Namun undang-undang nomor 9 tahun 2015 tentang perubahan kedua
undang-undang nomor 23 tahun 2014 tentang pemerintahan daerah tidak ada mengatur norma tentang bagaimana
penyelenggaraan pemilihan Gubernur, Bupati, dan Walikota sebagaimana diatur
dalam undang-undang nomor 32 tahun 2004 tentang pemerintahan daerah yang sering
disebut dengan istilah Pemilihan Kepala Daerah atau disingkat dengan PILKADA. Undang-undang
nomor 9 tahun 2015 ini hanya melakukan perubahan tentang fungsi dan wewenang
Dewan Perwakilan Rakyat Daerah baik provinsi, kabupaten, dan walikota
sebagimana diatur dalam undang-undang nomor 23 tahun 2014 yang tidak sesuai dengan undang-undang yang
mengatur tentang pemilihan Gubernur, Bupati, dan Walikota.
Peraturan penyelenggaraan pemilihan kepala daerah atau yang sering
disebut dengan istilah pilkada yang diatur dalam undang-undang nomor 32 tahun
2004 tentang Pemerintahan Daerah, kemudian dirubah menjadi istilah pemilihan
Gubernur, Bupati, dan Walikota yang diatur tersendiri dalam undang-undang nomor
1 tahun 2015 yang dirubah kemudian dengan undan-undang Nomor 8 tahun 2015.

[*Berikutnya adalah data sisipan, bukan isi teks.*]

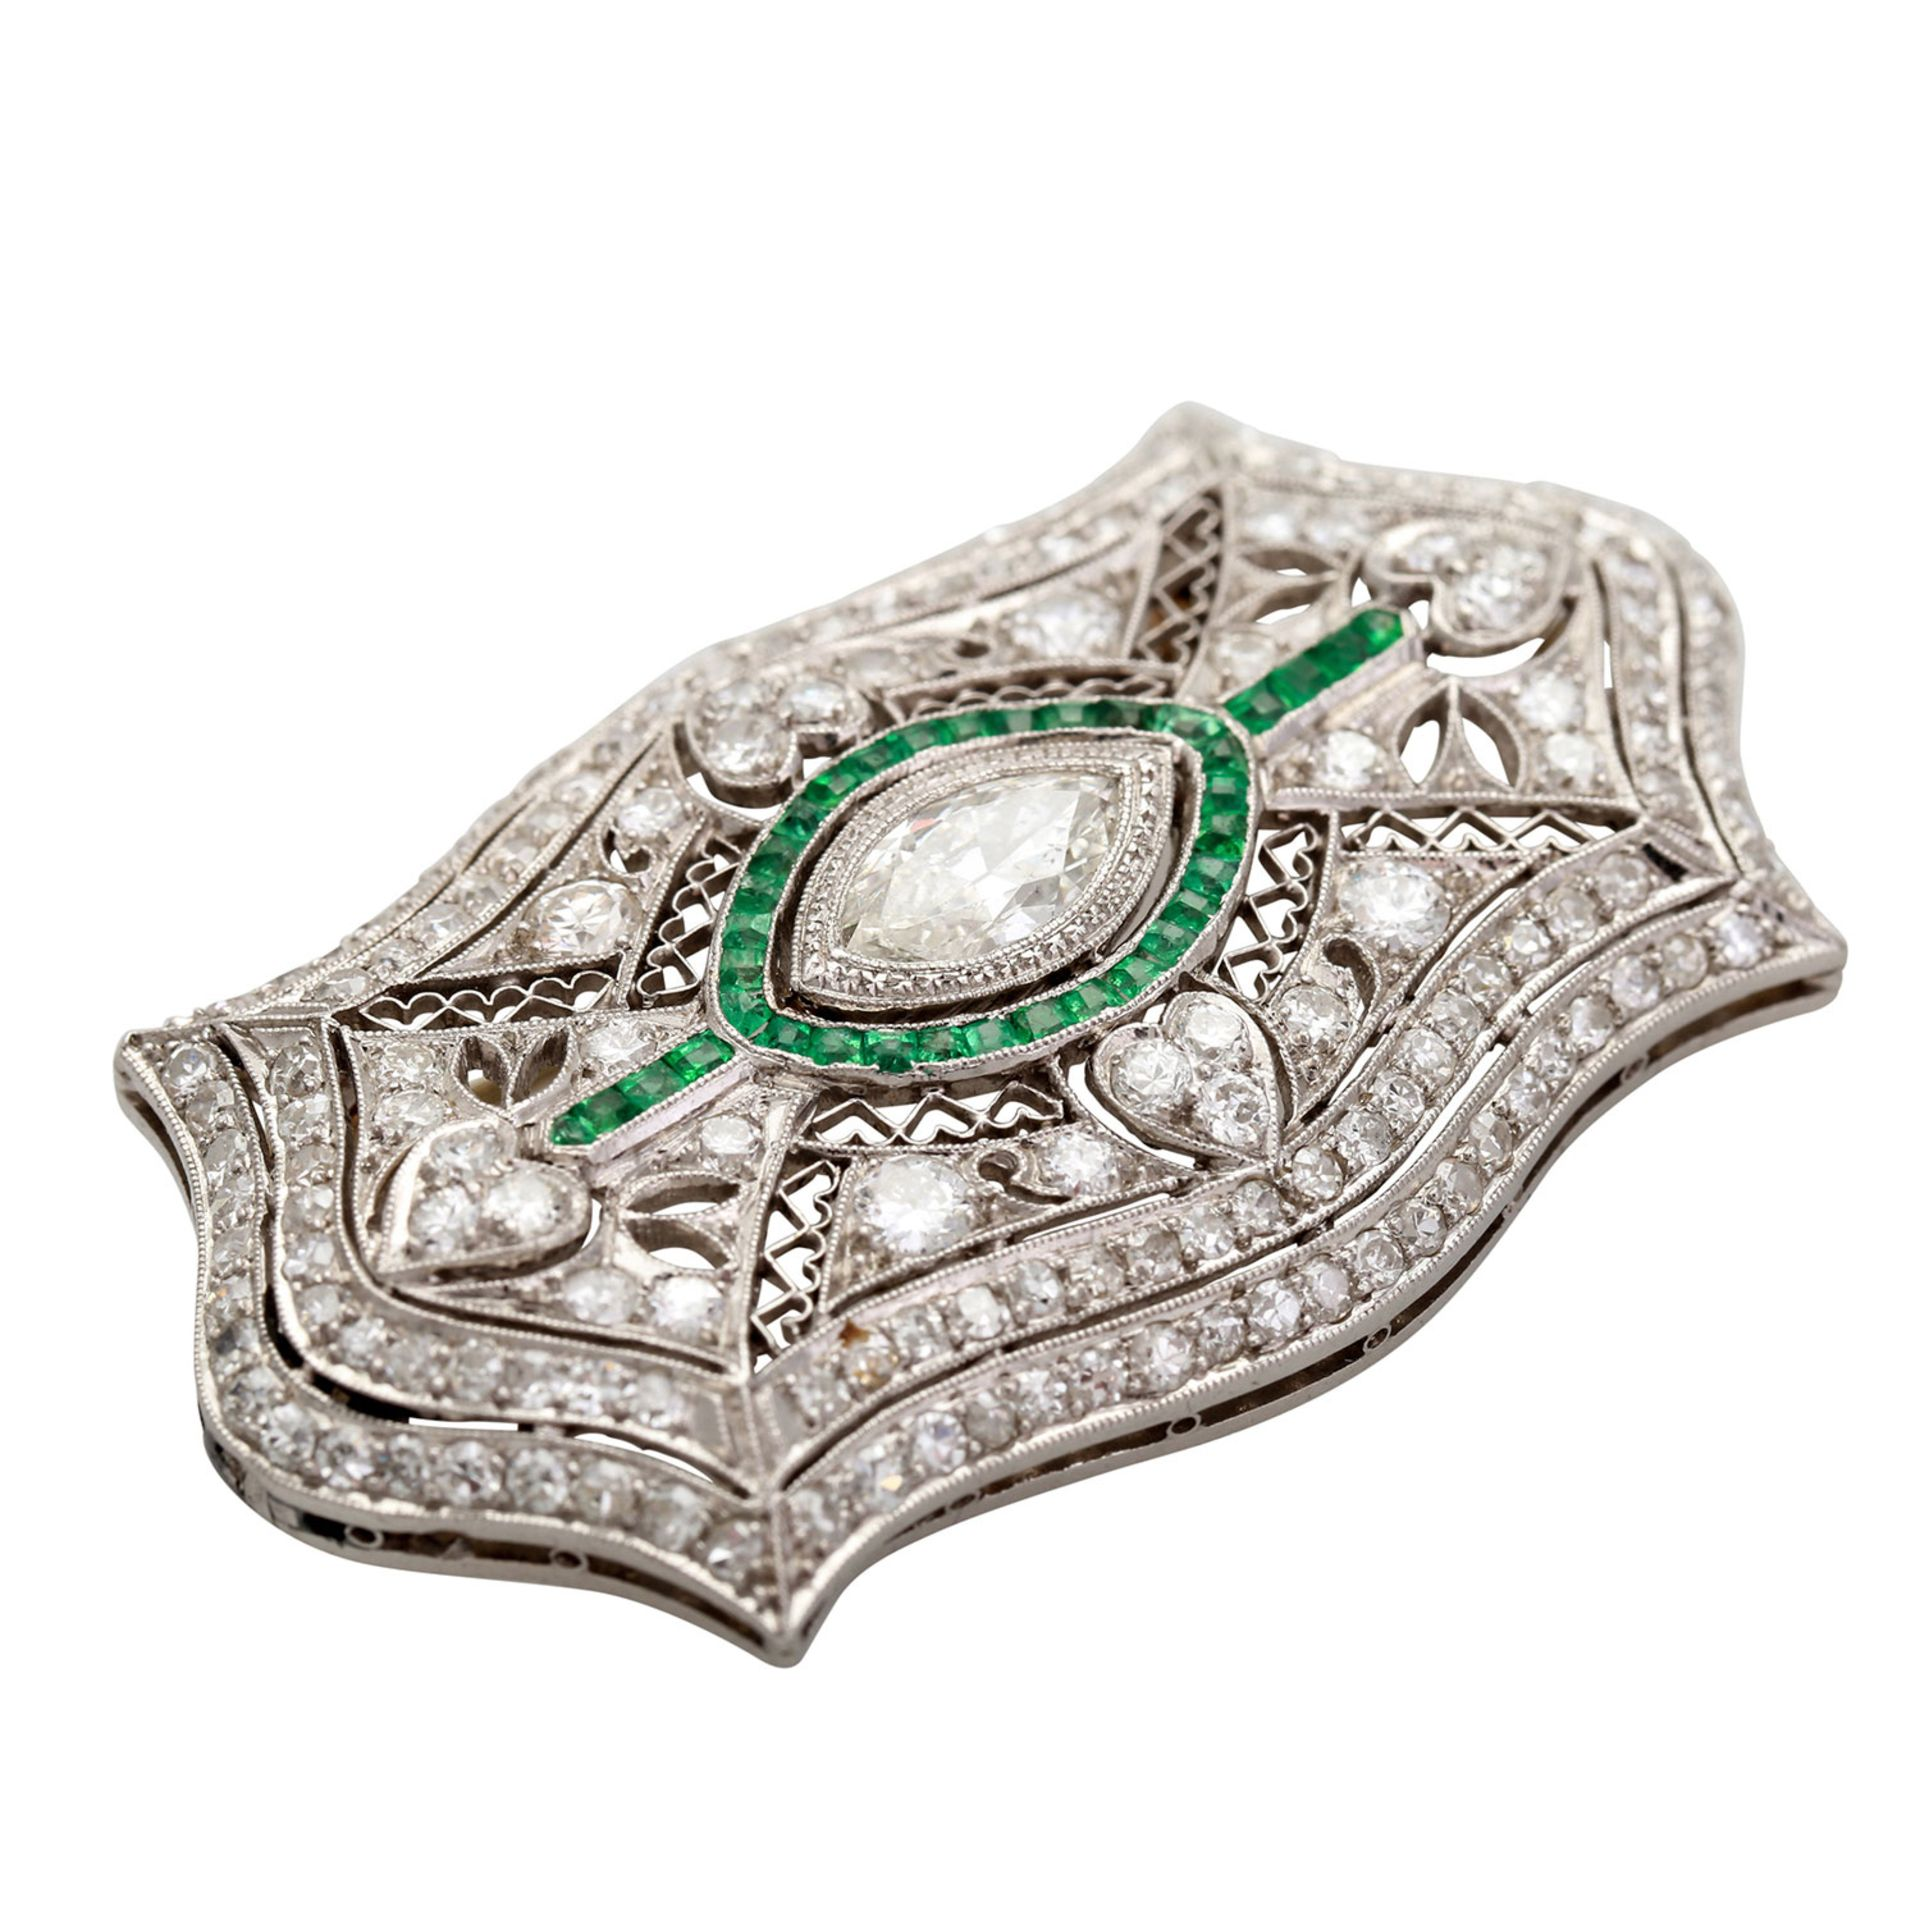 Los 69 - Belle Epoque Platinbrosche mit Diamanten von zus. ca. 2,85 ct. (Mittelstein ca. 0,75 ct.), SI -

Undang-undang nomor 1 tahun 2015 yang dirubah kemudian dengan
undang-undang no 8 tahun 2015 ini dilatar belakangi karena undang-undang nomor
22 tahun 2014 tentang pemilihan pemilihan gubernur, bupati, dan walikota yang
mengatur mekanisme pemilihan kepala daerah secara tidak langsung melalui Dewan
Perwakilan Rakyat Daerah telah mendapatkan penolakan yang luas oleh rakyat dan
proses pengambilan keputusannya telah menimbulkan persoalan serta kegentingan
yang memaksa sesuai dengan Putusan Mahkamah Konstitusi Nomor 138/PPU-VII/2009.
Dengan demikian
Undang-Undang Pemerintahan Daerah tidak lagi mengatur norma tentang Pemilihan
Kepala Daerah, sesuai dengan Undang-Undang Nomor 9 Tahun 2015 Tentang Perubahan
Kedua atas Undang-Undan Nomor 23 Tahun 2014 Tantang Pemerintahan Daerah dan
Undang-Undang nomor 22 tahun 2004 dinyatakan tidak berlaku lagi.

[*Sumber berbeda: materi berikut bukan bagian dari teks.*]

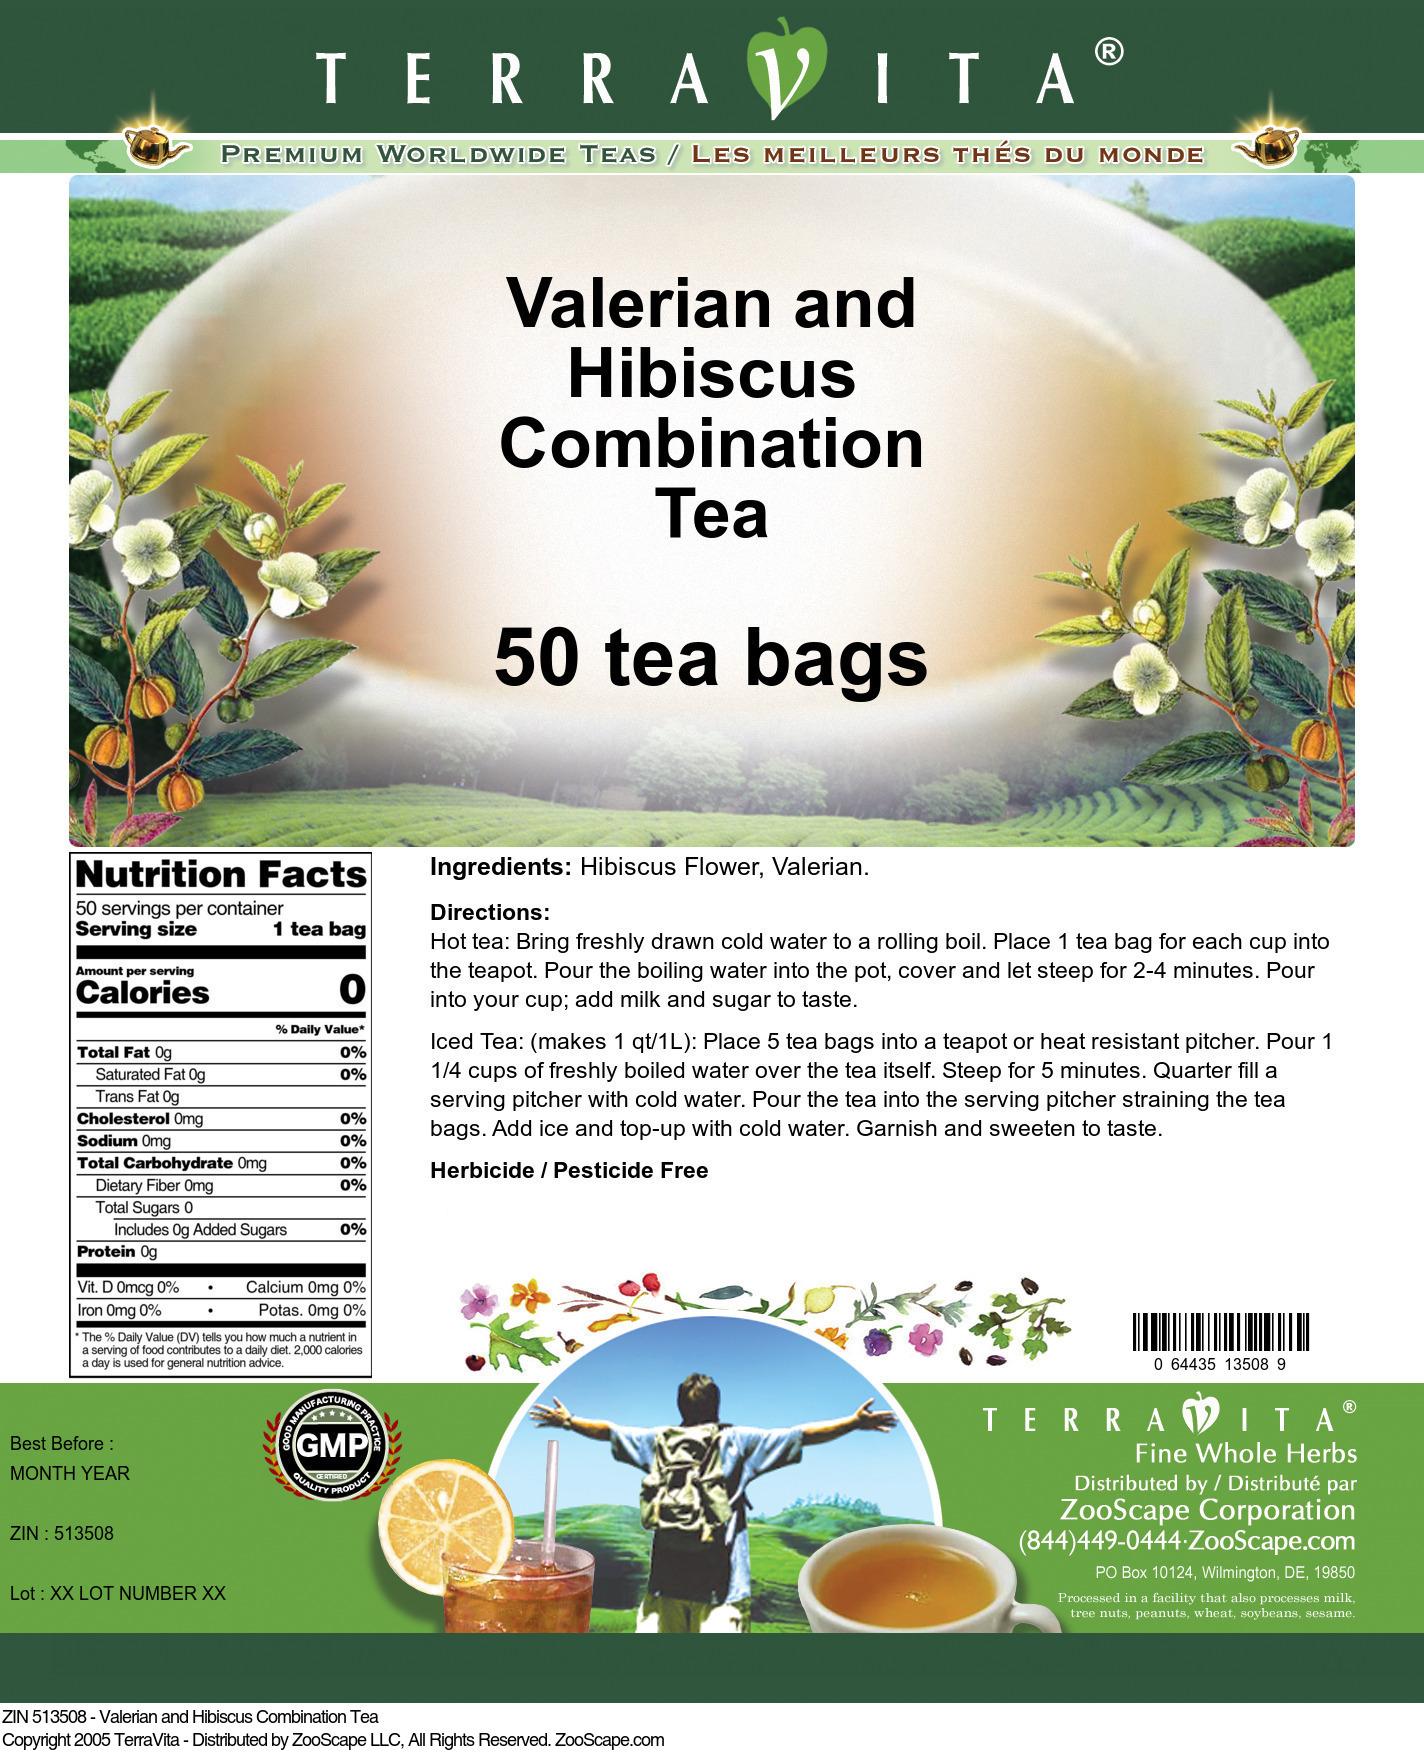 Valerian and Hibiscus Combination Tea

Dengan demikian setelah di undangkannya Undang-Undang Nomor 8 Tahun
2015 perubahan atas undang-undang nomor 1 tahun 2015 menjadi undang-undang, maka adanya kepastian payung hokum pelaksanaan
Pemilihan Gubernur, Bupati, dan Walikota.

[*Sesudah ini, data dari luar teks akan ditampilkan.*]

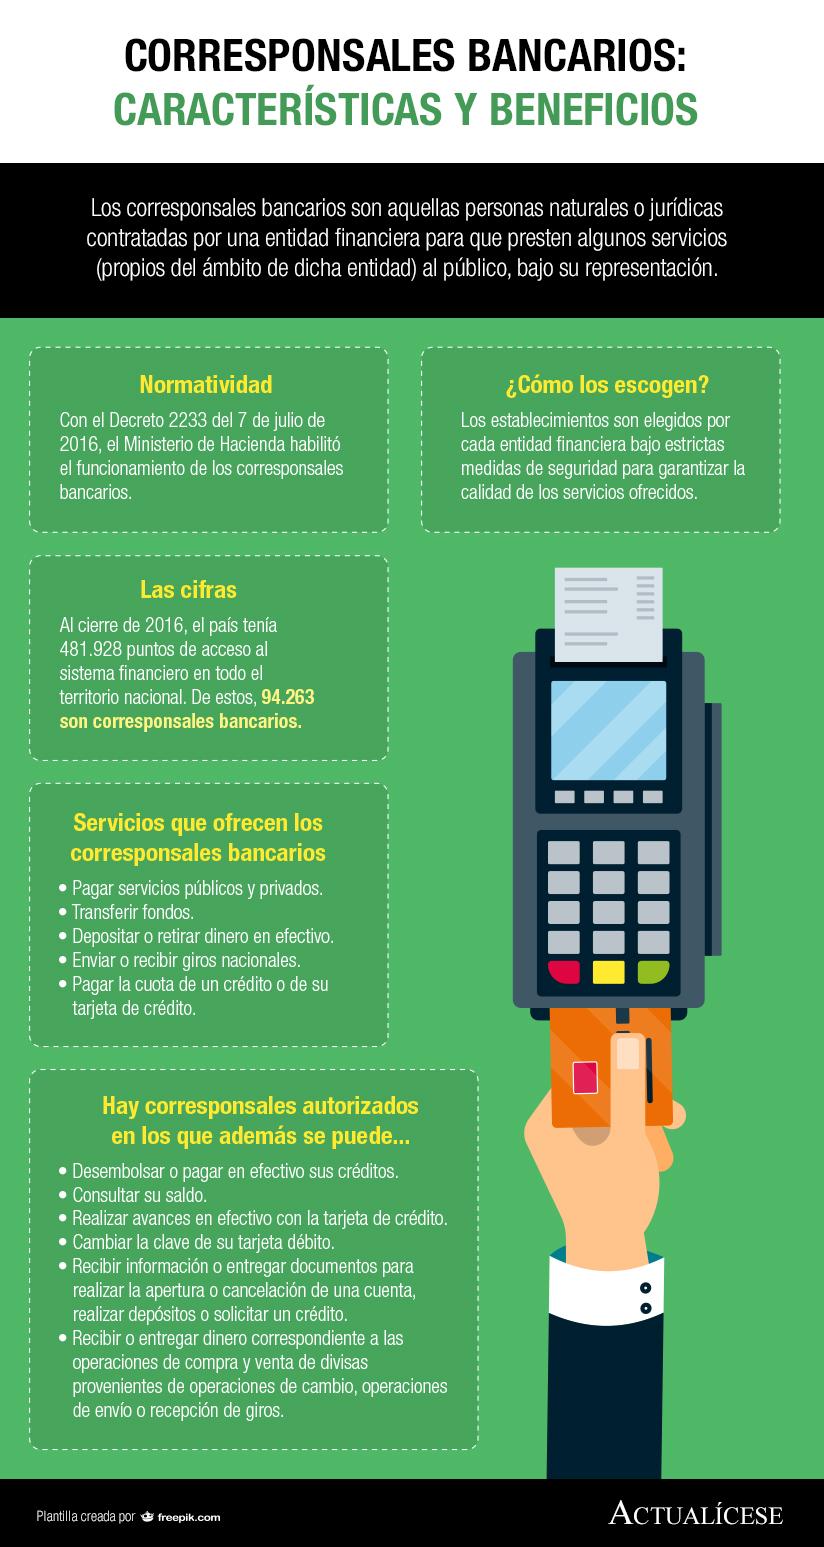 [Infografía] Corresponsales bancarios: características y beneficios

Dengan begitu cepatnya perubahan undang-undang tentang
pemerintahan daerah dan pemilihan kepala
daerah yang istilahnya sekarang telah diganti dengan Pemilihan Gubernur,
Bupati, dan Walikota, yang memakan waktu yang cukup singkat. Maka perlu diawali
dengan pemahaman yang utuh terhadap isi pengaturan norma-norma baru tentang penyelenggaraan
pemilihan Gubernur, Bupati, dan Walikota sesuai dengan Undang-Undang Nomor 8
Tahun 2015.
A.
PENGERTIAN
Pemilihan
Gubernur dan Wakil Gubernur, Bupati dan Wakil Bupati, serta Walikota dan Wakil
Walikota yang selanjutnya disebut Pemilihan adalah pelaksanaan kedaulatan
rakyat di wilayah provinsi dan kabupaten/kota untuk memilih Gubernur dan Wakil Gubernur,
Bupati dan Wakil Bupati, serta Walikota dan Wakil Walikota secara langsung dan
demokratis. (Pasal 1 angka 1
Undang-Undang Republik Indonesia Nomor 8 Tahun 2015 Tentang Perubahan
Atas Undang-Undang Nomor 1 Tahun 2015 Tentang Penetapan Peraturan Pemerintah
Pengganti Undang-Undang Nomor 1 Tahun 2014 Tentang Pemilihan Gubernur, Bupati,
Dan Walikota Menjadi Undang-Undang).
Calon Gubernur dan Calon Wakil
Gubernur adalah peserta
Pemilihan yang diusulkan oleh partai politik, gabungan partai politik, atau
perseorangan yang didaftarkan atau mendaftar di Komisi Pemilihan Umum Provinsi.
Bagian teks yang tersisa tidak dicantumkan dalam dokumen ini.